| ← Previous race | Next race → |

Race details
- Date: 3 October 1976
- Official name: XV Labatt's Canadian Grand Prix
- Location: Mosport International Raceway, Ontario, Canada
- Course: Permanent racing facility
- Course length: 3.957 km (2.458 miles)
- Distance: 80 laps, 316.56 km (196.64 miles)
- Weather: Mild with temperatures approaching 22 °C (72 °F); wind speeds up to 8.9 kilometres per hour (5.5 mph)

Pole position
- Driver: James Hunt; / McLaren-Ford
- Time: 1:12.389

Fastest lap
- Driver: Patrick Depailler / Tyrrell-Ford
- Time: 1:13.817 on lap 60

Podium
- First: James Hunt; / McLaren-Ford
- Second: Patrick Depailler; / Tyrrell-Ford
- Third: Mario Andretti; / Lotus-Ford

= 1976 Canadian Grand Prix =

The 1976 Canadian Grand Prix was a Formula One motor race held at Mosport Park on 3 October 1976.

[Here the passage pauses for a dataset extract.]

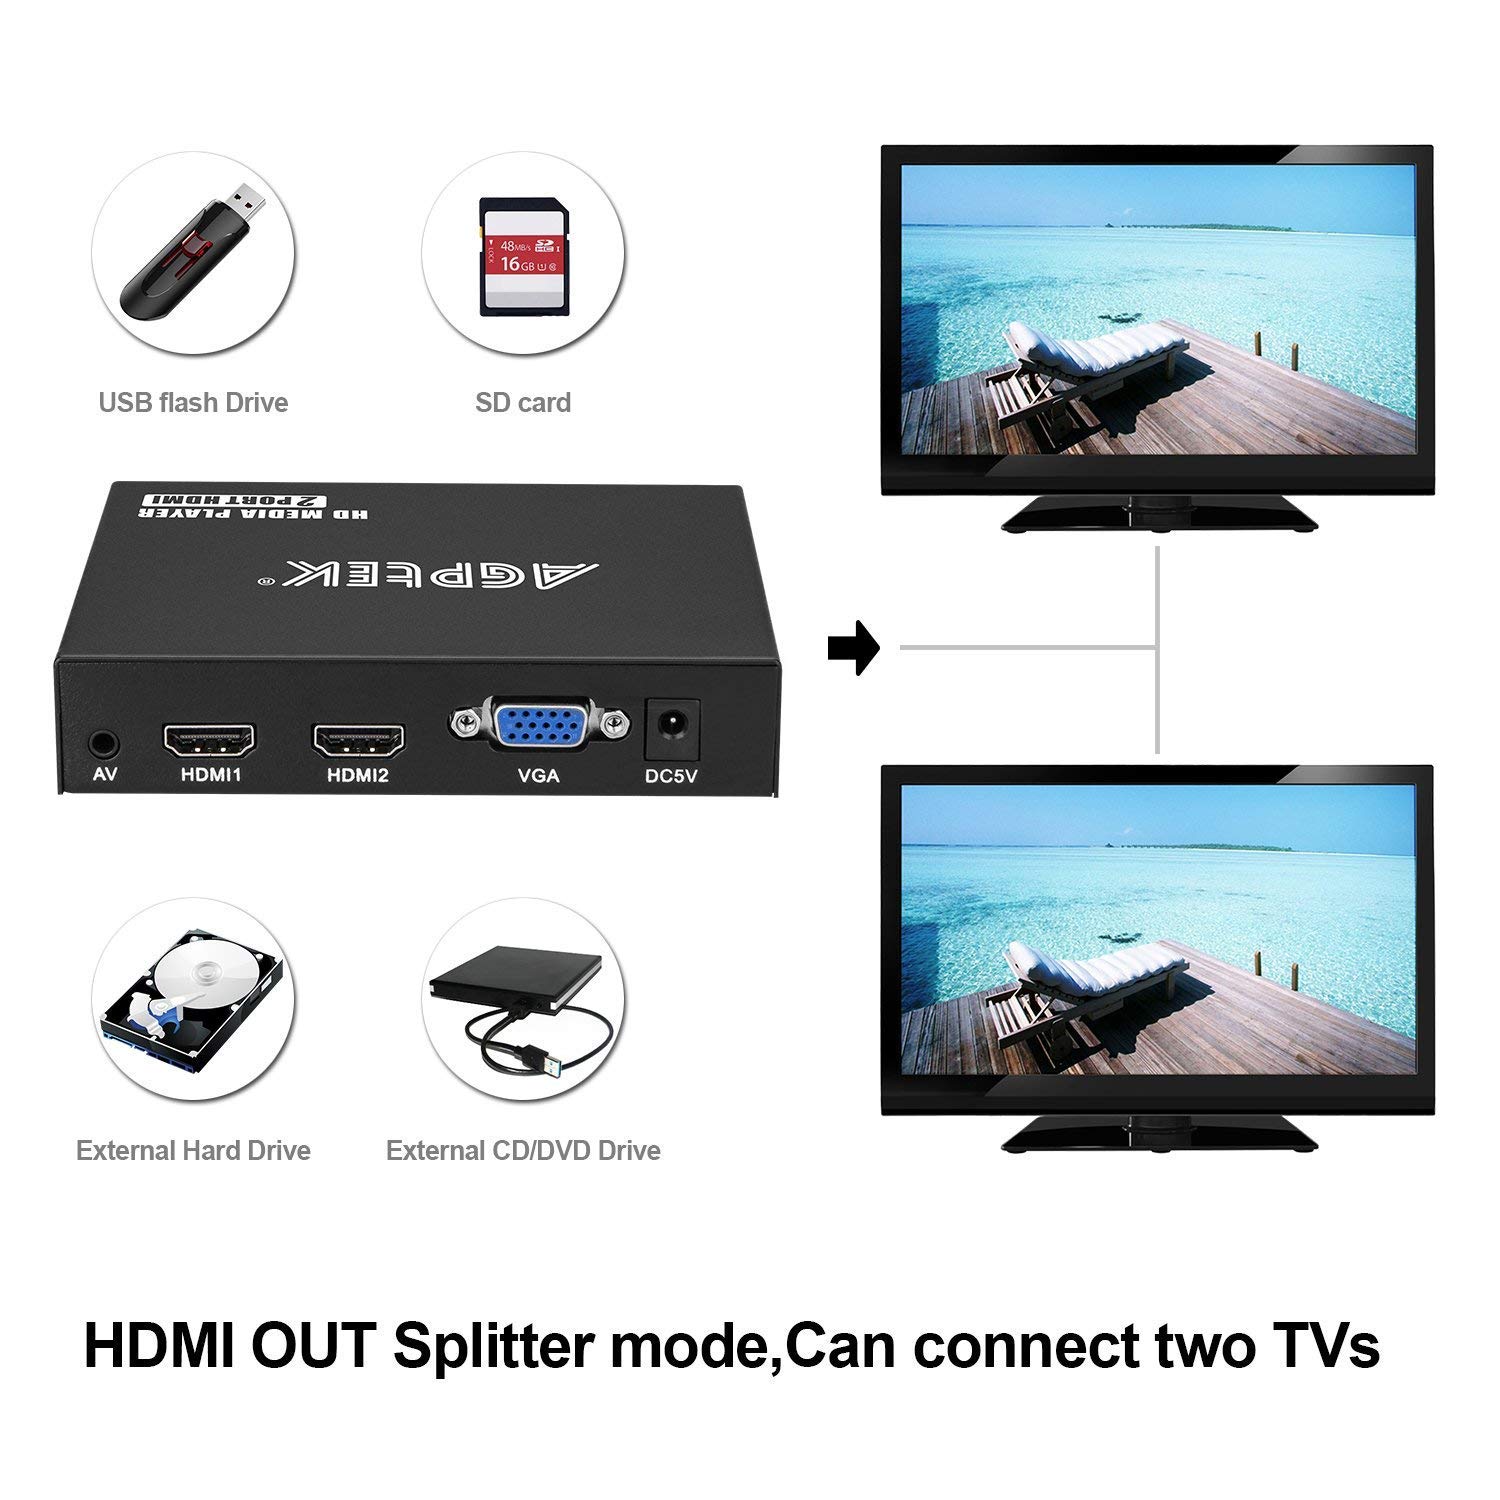 1080P Media Player with ONE AV Cable, Dual HDMI Outpus, Portable MP4 Player for Video/Photo/Music Support USB Drive/SD Card/HDD - HDMI/AV/VGA Output …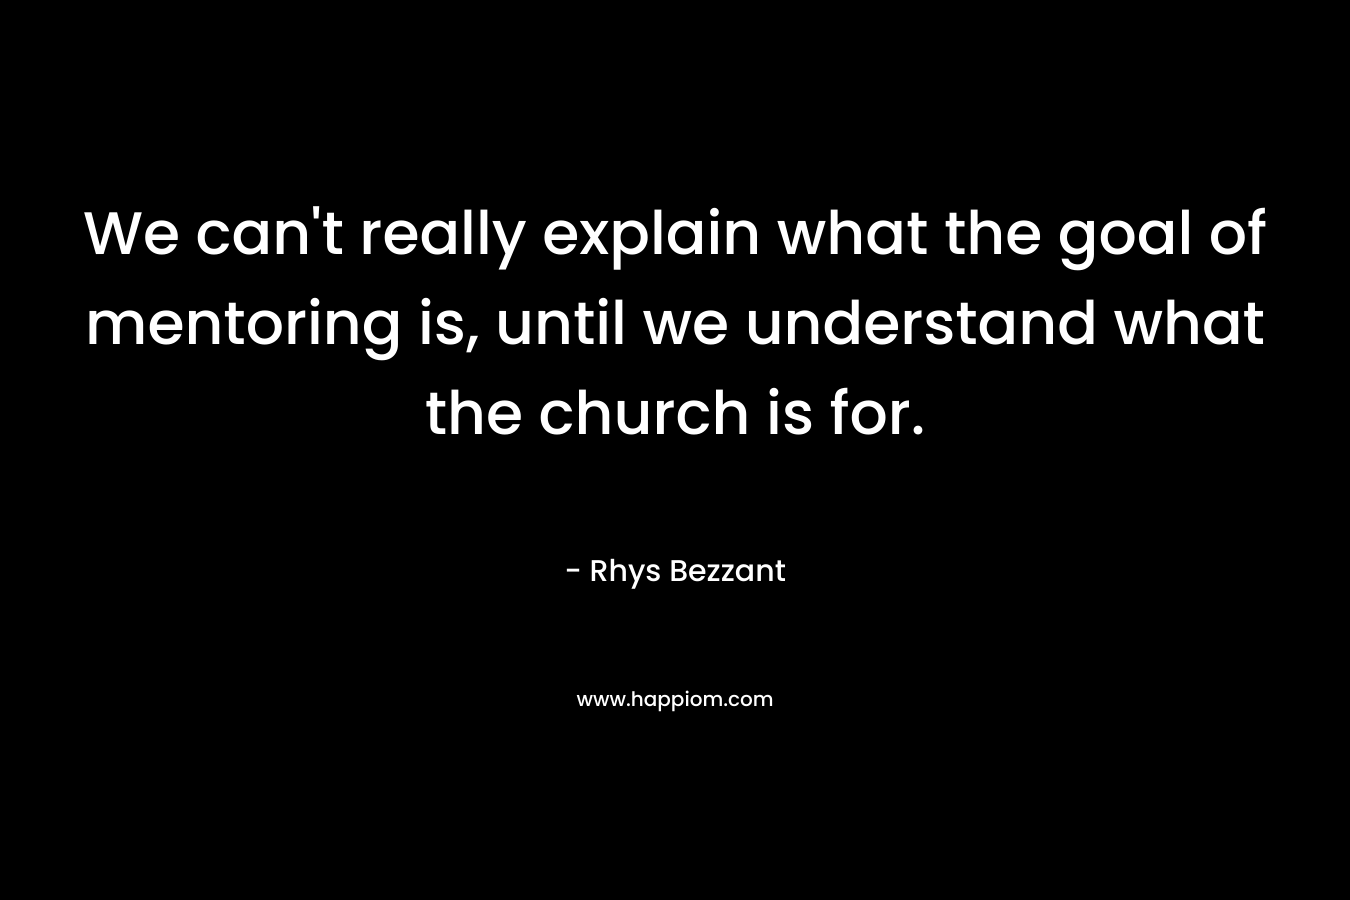 We can’t really explain what the goal of mentoring is, until we understand what the church is for. – Rhys Bezzant

At this weekend, British championship contender James Hunt found out that he lost 9 points from his victory at the British Grand Prix that year, and Austrian championship leader Niki Lauda gained another 3 points (he finished 2nd at that race). Hunt won the Mosport event, but it made no difference to his championship points standings before the race.

==Qualifying==
James Hunt managed to take pole position from the March cars of Ronnie Peterson and Vittorio Brambilla, whilst the rest of the top 10 qualifiers were Patrick Depailler, Mario Andretti, Niki Lauda, Jody Scheckter, Hans Joachim Stuck, Jacques Laffite and Carlos Pace in the leading Brabham.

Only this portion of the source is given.